È ufficiale: Kappa FuturFestival annuncia la lineup completa della sua XIII edizione, pronta a trasformare ancora una volta il Parco Dora di Torino nel cuore pulsante della musica elettronica. L’appuntamento è fissato dal 3 al 5 luglio 2026, tre giorni open air per quello che è considerato il più grande festival di musica elettronica all’aperto in Italia, con oltre 120 artisti da tutto il mondo.
I biglietti sono già disponibili su www.kappafuturfestival.it.
Una lineup “globale” tra leggende, nuove avanguardie e B2B da collezione
Dopo i primi annunci di dicembre 2025, la seconda tranche ha consolidato l’identità internazionale del festival, puntando forte sui back to back (B2B) come spazio di dialogo, sperimentazione e collisione sonora. Ora, con la terza e ultima tranche, il cartellone è completo: una curatela eclettica che attraversa house, techno, electronica, bass e nuove contaminazioni, con headliner iconici e talenti emergenti pronti a prendersi la scena.
Tra i nomi più attesi spiccano Amelie Lens, Charlotte de Witte, Peggy Gou, Solomun (anche in extended set), Sven Väth, Armin van Buuren, Richie Hawtin (DEX EFX X0X), Four Tet e lo special set Four Tet B2B Skrillex. E poi la potenza di DJ Snake, l’energia di Disclosure (DJ set) e la firma trasversale di Diplo B2B Busy P B2B Tatyana Jane.
Sul versante techno e club culture, la lineup alza ulteriormente l’asticella con incontri che sanno di storia: Ben Klock B2B Marcel Dettmann, l’impatto frontale di Alignment B2B Fatima Hajji, la tensione tra oscurità e dinamica con Dyen B2B Shlømo, la classe di Maceo Plex, l’anima house di Seth Troxler e l’evento “da festival nel festival” Jamie Jones B2B Joseph Capriati B2B Seth Troxler.
Non manca il legame con le radici: Lil Louis, autentico pioniere della house, e nomi come Chez Damier e Carl Craig feat. Mike Banks (live) a tenere vivo il filo con Detroit e con la storia del clubbing mondiale.
Highlights e nomi da tenere d’occhio
La selezione 2026 racconta un panorama in continuo movimento. Tra i punti forti:
- Chris Lake, tra i produttori più influenti della scena internazionale
- Agoria, artista multidisciplinare capace di muoversi tra techno e avanguardia francese
- Max Cooper (Live AV), esperienza audiovisiva che fonde elettronica sperimentale e visione
- Sammy Virji, figura chiave del nuovo corso UK Garage
- John Talabot, eleganza elettronica e ricerca
- Jane Fitz B2B Rhadoo, tra ipnosi e tecnica pura
- nuove traiettorie con Mia Koden, tra bass music e radici culturali africane
- la nuova generazione che avanza con Massano, Adrián Mills, e il B2B Max Dean B2B Luke Dean
- progetti speciali come D-Leria presenta Kongas
- e ancora: Boys Noize, Mochakk, Miss Monique, Paco Osuna B2B Nicole Moudaber, Ki/Ki, Skream B2B Fleur Shore, Floating Points (anche B2B Palms Trax), fino alle performance collettive STOOR LIVE in diverse formazioni.

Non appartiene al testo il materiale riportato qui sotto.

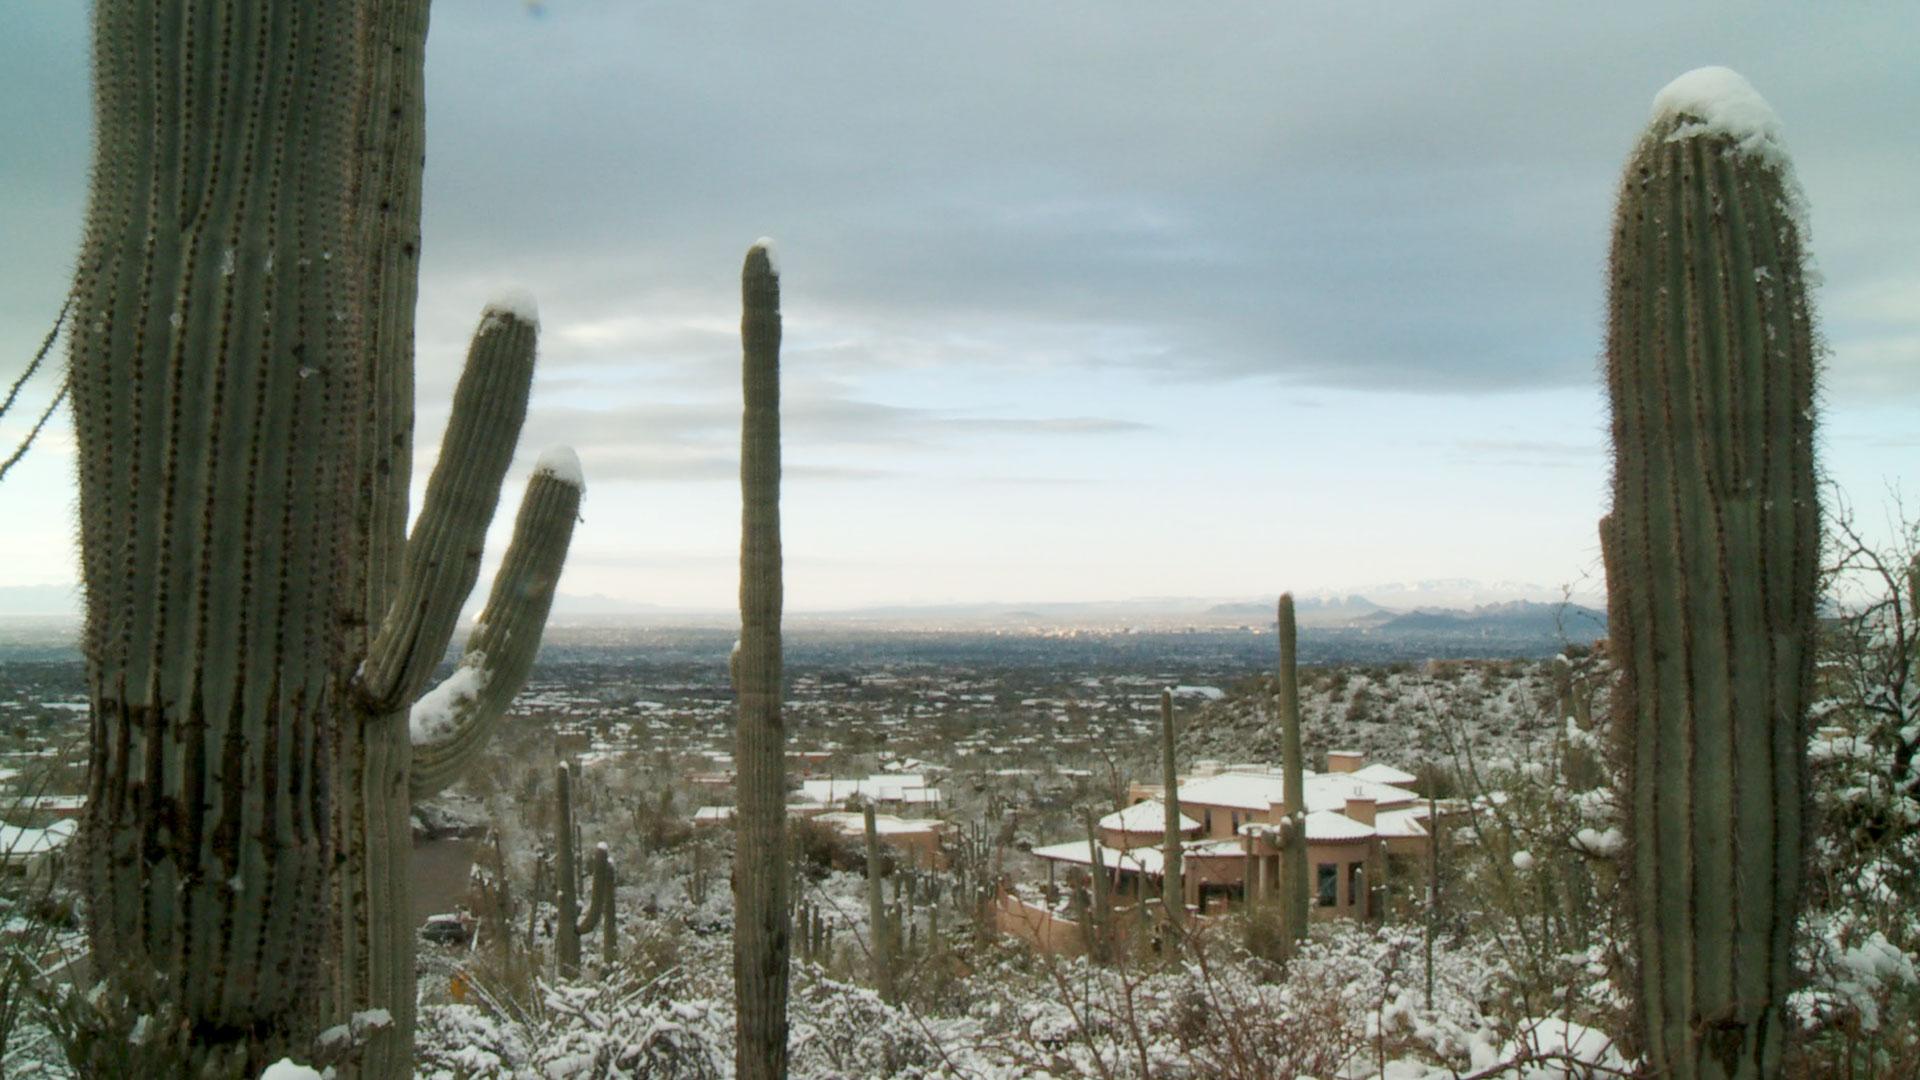 Tucson snowfall on the Finger Rock Trailhead, 2015.

Dal Parco Dora all’America Latina: FuturFestival annuncia la prima edizione internazionale in Messico
Il 2026 segna anche un passaggio storico: FuturFestival annuncia la sua prima edizione internazionale in Messico. Date e venue verranno comunicate prossimamente, ma intanto sono aperte le pre-registrazioni su futurfestival.mx. Un’espansione naturale per un format che negli anni è cresciuto fino a diventare una destinazione globale, capace di parlare a community diverse e connesse dalla stessa cultura elettronica.
Un festival diventato riferimento mondiale
Nato nel 2009 come FuturFestival, Kappa FuturFestival ha evoluto la propria identità fino a imporsi tra gli appuntamenti più rilevanti dell’estate europea. Negli anni ha raccolto riconoscimenti importanti, ha costruito un pubblico internazionale e ha trasformato Torino in una meta fissa per chi vive il clubbing come cultura, viaggio e esperienza.
Il cuore, però, resta qui: Torino e Parco Dora. Dal 3 al 5 luglio 2026, la XIII edizione promette tre giorni ad altissima intensità, con una lineup che attraversa generazioni, geografie e visioni sonore.